In Balinese patriarchal culture, women are always considered the "second fiddle”

The Indonesian portal "Magdalene," aiming to highlight the views of feminists, pluralists, and progressive thinkers, published an article about the position of Balinese women in society.
Here is the translated content.
My brother has just had his second child, and it's another girl. Our relatives came to see her. Some of them made jokes about how unfortunate it was for her to be born a girl and not a boy. I was shaken by their comments, but my family took them lightly, as they were also hoping for a boy. Yet, I can't deny that I was hoping for a nephew and feel disgusted with myself.
Women have always been the "second best" in my family.
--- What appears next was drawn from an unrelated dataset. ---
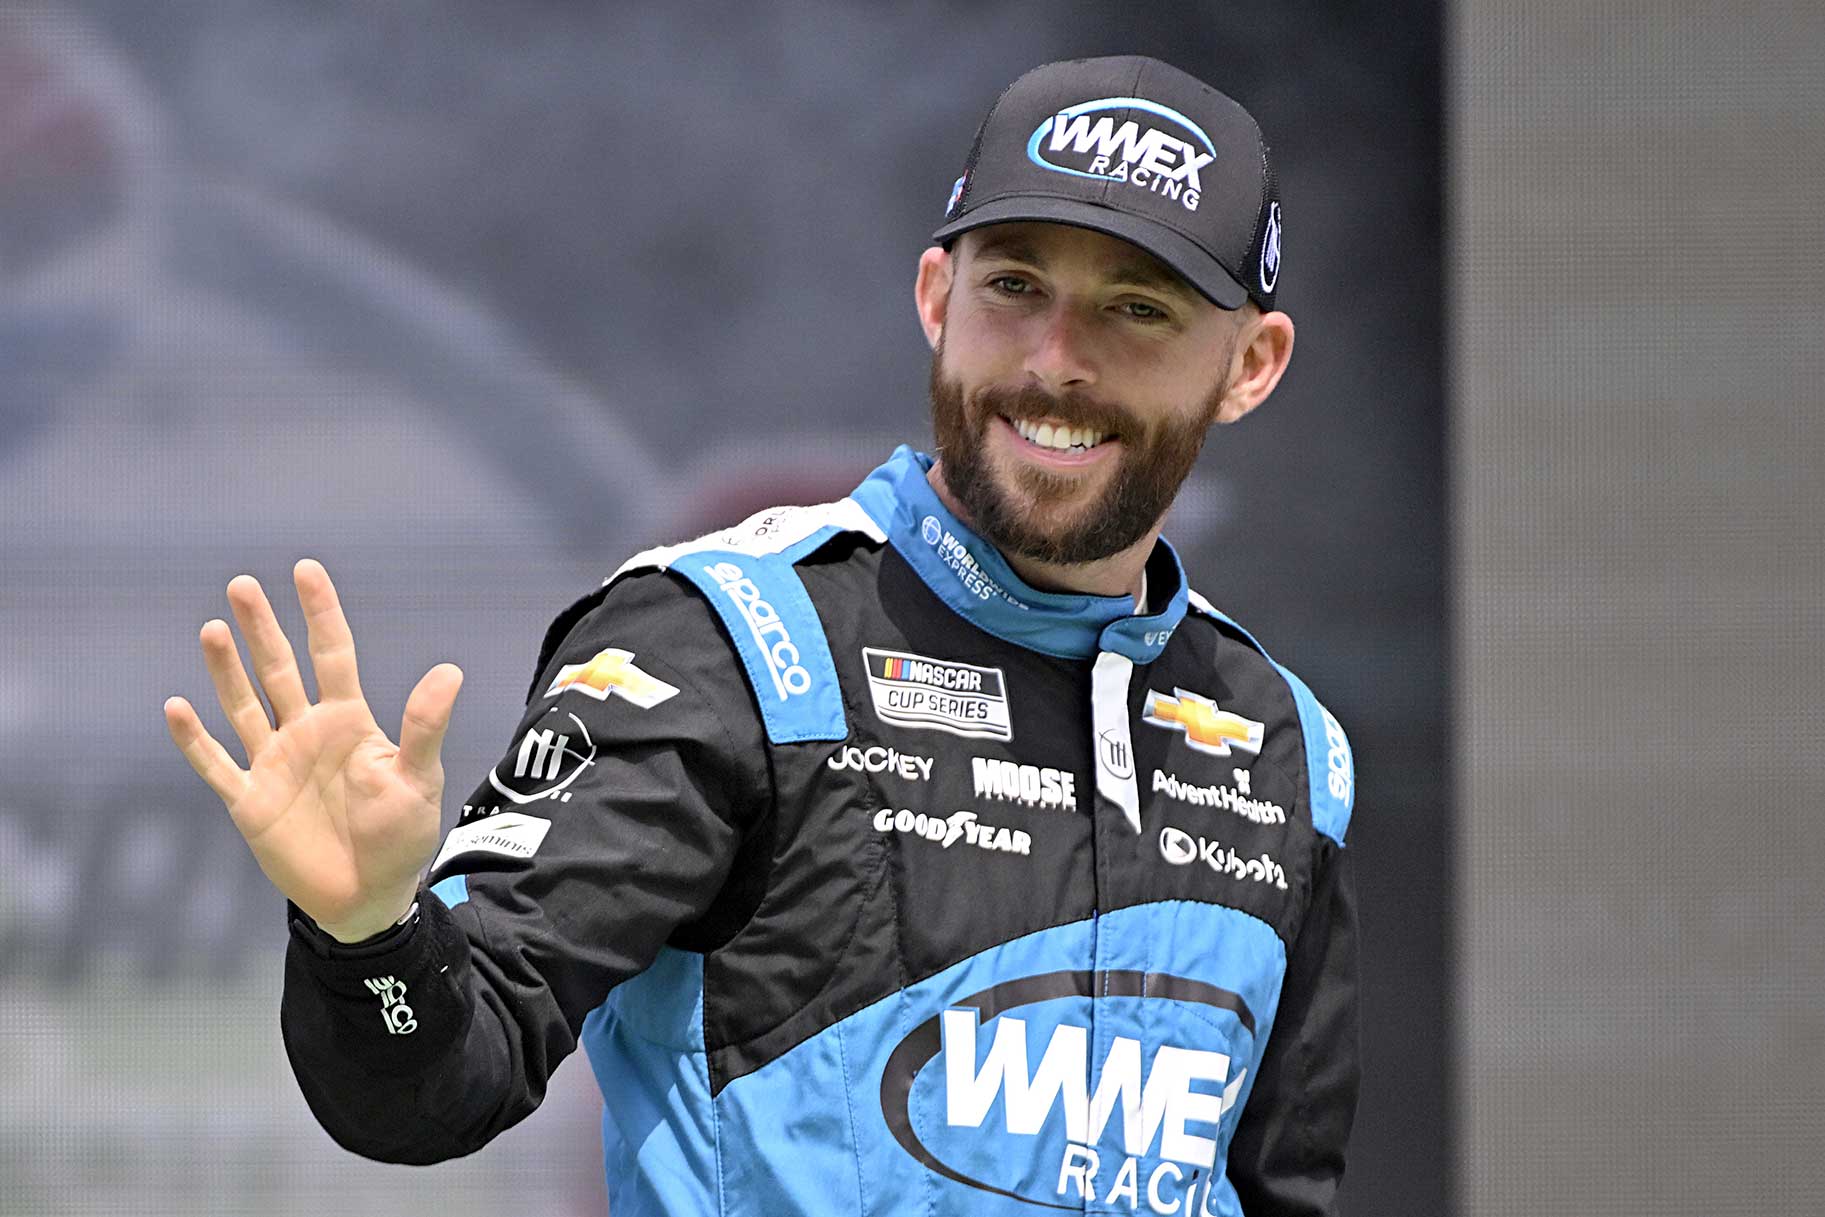 Ross Chastain Waves To Fans

My parents favored my brother more; he always gets what he wants and seems to think he can spend more money than I can. My parents expect me to help with household chores, while my brother can do whatever he wants. It's hard for me to admit that they support my brother more, it hurts to realize that parents can't love their children equally.
Our Balinese culture recognizes a caste system that includes the highest caste - Brahmins, followed by Kshatriyas, Vaishyas, and the lowest - Shudras. My uncle has a daughter who married someone from a lower caste. She was the first woman in our extended family to do so, which brought great shame upon our family. The family blamed my uncle and his wife for spoiling their daughter and grandchildren. They say it's inappropriate.
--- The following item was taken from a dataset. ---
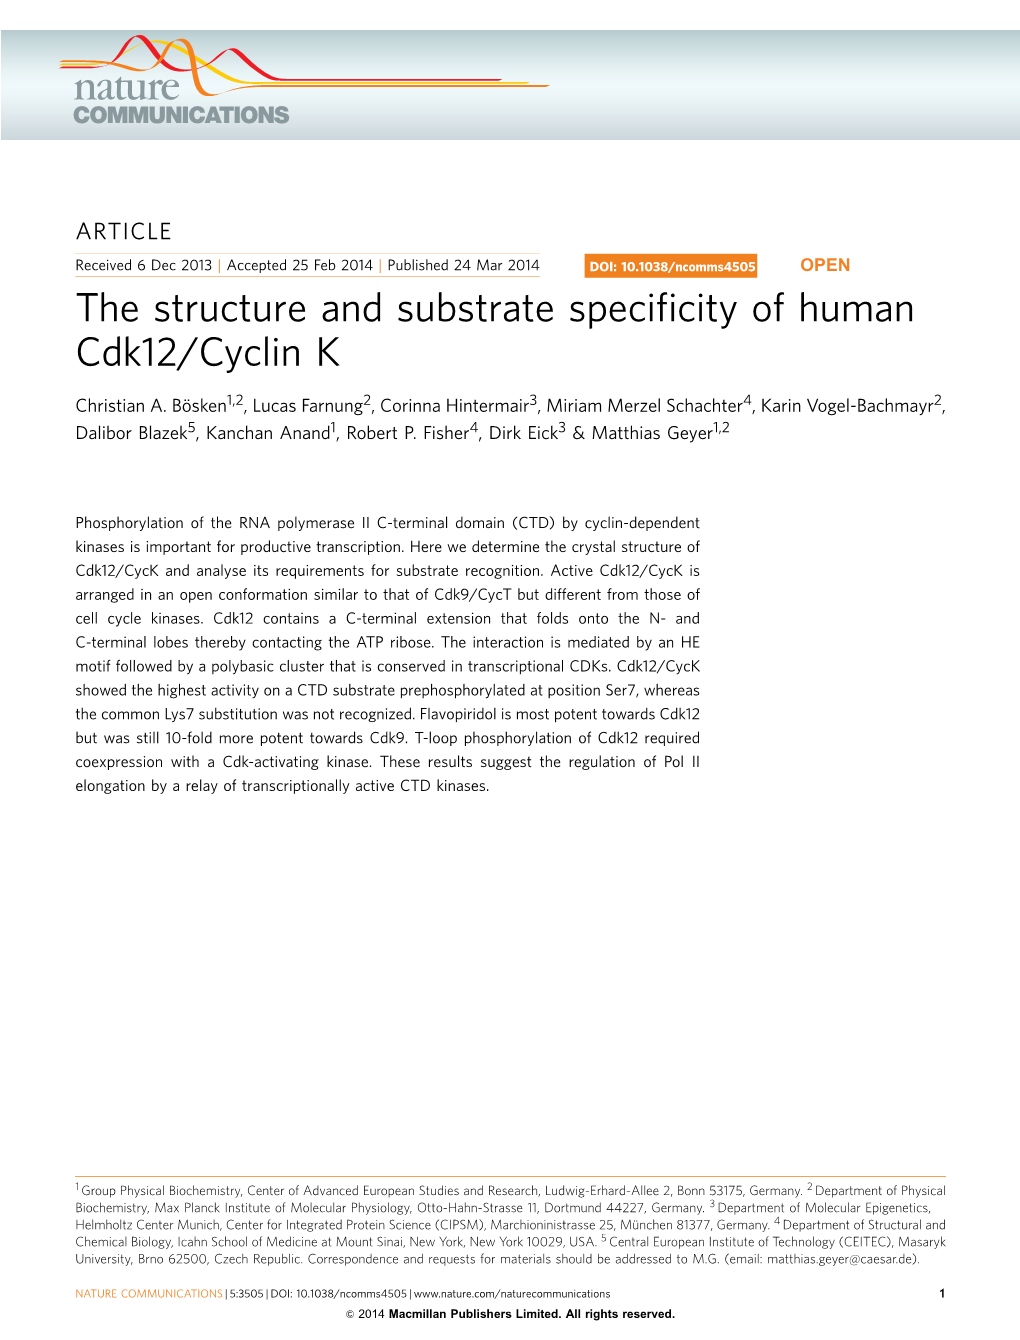 The Structure and Substrate Specificity of Human Cdk12/Cyclin K

Now, my uncle has to transfer his support to one of his nephews so that when he passes away, the nephew will take care of his body.
My parents also want me to marry someone from my caste or higher, even though my brother can marry anyone.
People around the world are fascinated by Balinese culture, but they rarely discuss the deeply entrenched patriarchy that governs society: how families with daughters are considered incomplete and can only be deemed complete with a son, leading many families to have multiple children in attempts to have a son. How women are regarded within families and communities as "second best." How certain religious rituals within the family can only be performed by sons.
I'm not saying that my experience represents all Balinese people, but I know that different parts of Bali are more conservative than others, especially in small villages. Some parts of Bali also follow the practice of "Nyentana," where a man enters into marriage with a woman's family and changes his position within the family. However, it's not easy to find someone willing to practice "Nyentana."
The pressure on me as a daughter sometimes suffocates me. Sometimes, I regret being born into a conservative Balinese family. I take pride in my family and my culture, but I truly wish that certain aspects of its culture would fade away, so that my two nieces won't feel what I'm feeling now.